Les créations de maisons d'édition sont toujours plus nombreuses. Comment analysez-vous cette vitalité dans un marché globalement morose ?

Est-ce que ce n'était pas déjà le cas il y a dix ans, ou dans les années 1980 ? Mais il y a peut-être une envie générationnelle de faire les choses différemment. Dans une situation économique difficile, les gens sont attirés par la qualité. Tôt ou tard, ils préfèrent aller manger dans les bistrots de quartier et laissent tomber les McDo. On passe d'une économie de masse malsaine à une économie du qualitatif. Une génération d'éditeurs a compris cela. Ce n'est pas une question d'âge, mais de profil. Depuis une dizaine d'années, sont apparues des maisons comme Sabine Wespieser, Sonatine, 13e note... La vigueur de l'édition vient de ces petites maisons extrêmement professionnelles. Nous avons peu de frais de structure : avec un téléphone et un ordinateur portables, on fait tout. Ça change radicalement la façon de faire de l'édition. Rentrer dans une logique industrielle, privilégier la quantité au détriment de la qualité, c'est antinomique de l'édition. La ligne de fracture est profonde entre un modèle industriel qui vit sur la trésorerie des libraires, ce qui est scandaleux, et un modèle artisanal qui a de beaux jours devant lui. J'ai une grande admiration pour les maisons, grandes ou petites, qui font un travail d'éditeur, choisissent les livres, font vivre leur fonds, imposent des auteurs. Le marché est très dynamique, il y a beaucoup de créativité, des projets enthousiasmants... C'en est même grisant. Et à côté, il y a ce grand corps malade qu'est la surproduction. Contrairement à ce qu'on entend ici et là, ce cancer ne provient pas des petites maisons d'édition. Le point commun entre toutes ces structures, c'est qu'elles maîtrisent leur production à une époque où l'on gère une économie de la rareté. Ce modèle me paraît très proche des fondamentaux du métier.

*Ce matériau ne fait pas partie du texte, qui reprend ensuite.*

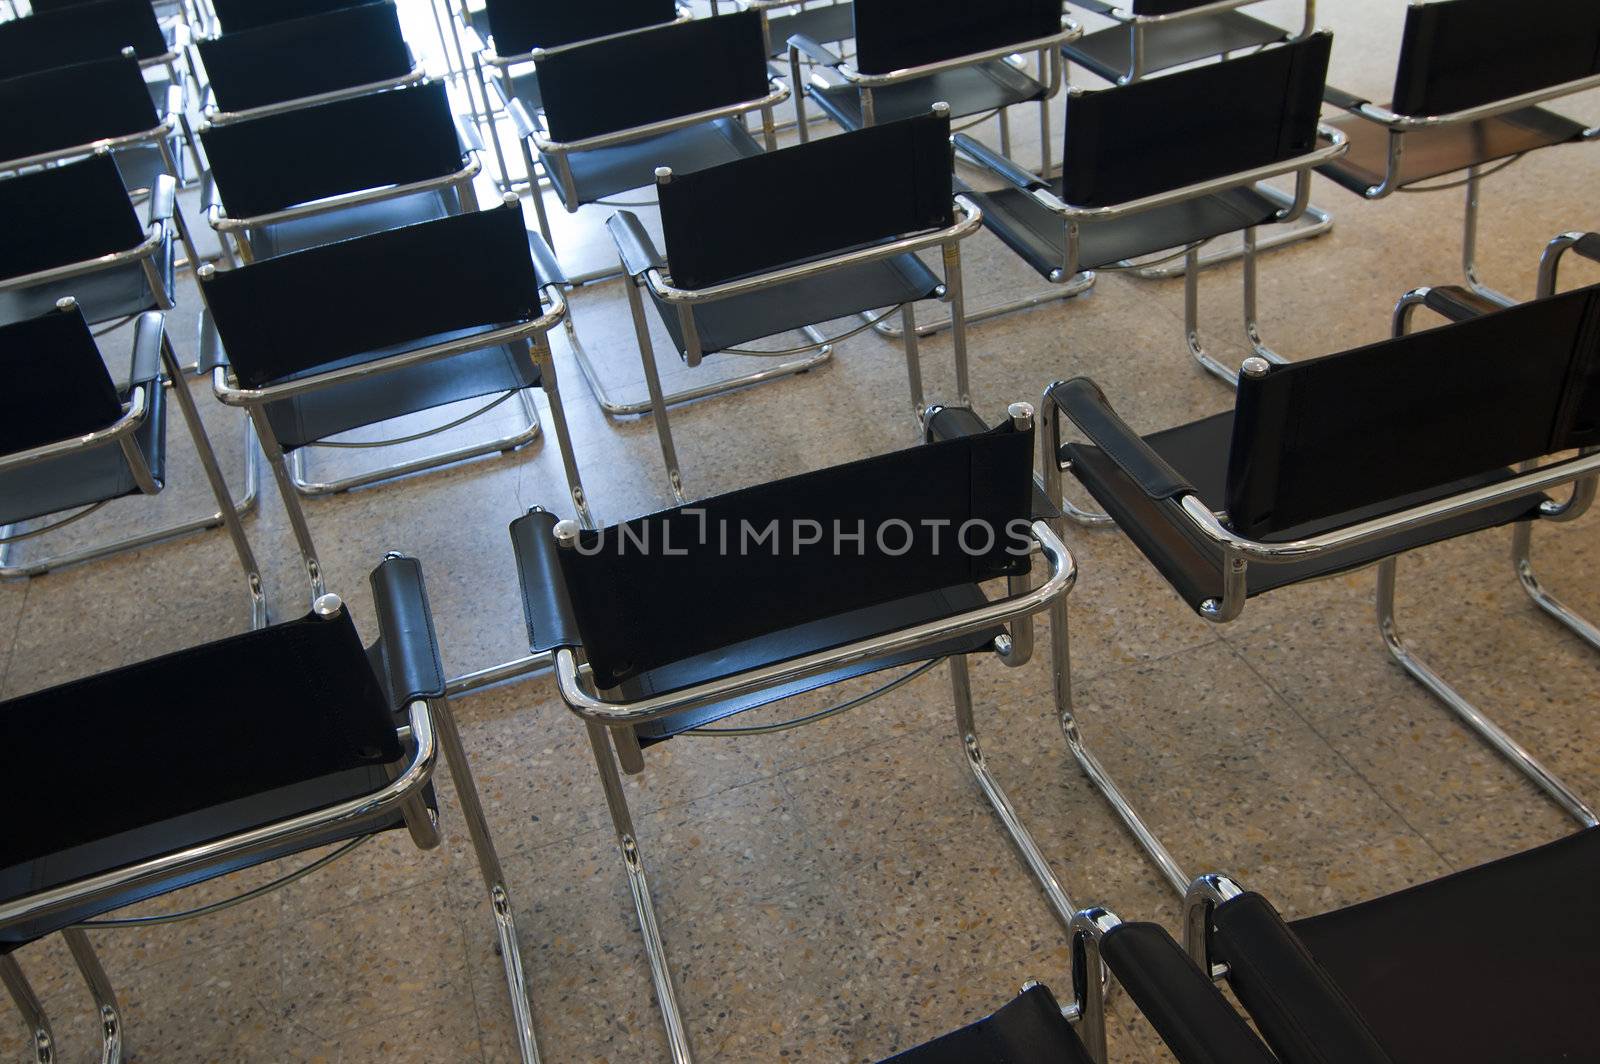 Many contemporary black chairs in a room

Une maison de votre taille est-elle armée pour faire face aux défis que pose le numérique ?

On ne peut pas ignorer le numérique mais il faut garder la tête froide. Ce sera sans doute un plus, et ça ne remplacera pas le livre papier. Les grands groupes ont fait le choix du numérique car ils s'intéressent uniquement à leur rentabilité. Numériser, ce n'est pas très compliqué et ça ne coûte rien. Mais si cela revient à mettre en danger les libraires, il y aura un vrai problème. Et ceux qui vont gagner de l'argent sur le numérique ce ne sont pas les éditeurs mais les fabricants de matériel, les Apple, Samsung, Sony. Le numérique va arriver et doit arriver. A nous de nous adapter, de réfléchir avec les libraires à une manière de travailler ensemble, d'être de meilleurs éditeurs et de publier de meilleurs livres.

Quels sont selon vous les chantiers à lancer en priorité dans l'édition ?

L'essentiel est de faire évoluer le modèle économique traditionnel pour valoriser le travail fait en librairie. Je suis convaincu que les éditeurs et les diffuseurs doivent travailler ensemble sur le sujet des remises. Tout est ouvert. On peut imaginer une collaboration entre libraires et éditeurs avec des remises plus importantes, un travail de réassort sur le fonds, des retours maîtrisés... Le Bookscan anglais peut être un autre chantier à ouvrir en France. Encore une fois, l'édition est un métier d'offre. Si on ne fait pas bien notre métier, les gens ne liront pas nos livres. Si on le fait bien, il y aura toujours un lectorat prêt à nous suivre.

(1) Désolation, le nouveau roman de David Vann, paraitre le 1er septembre.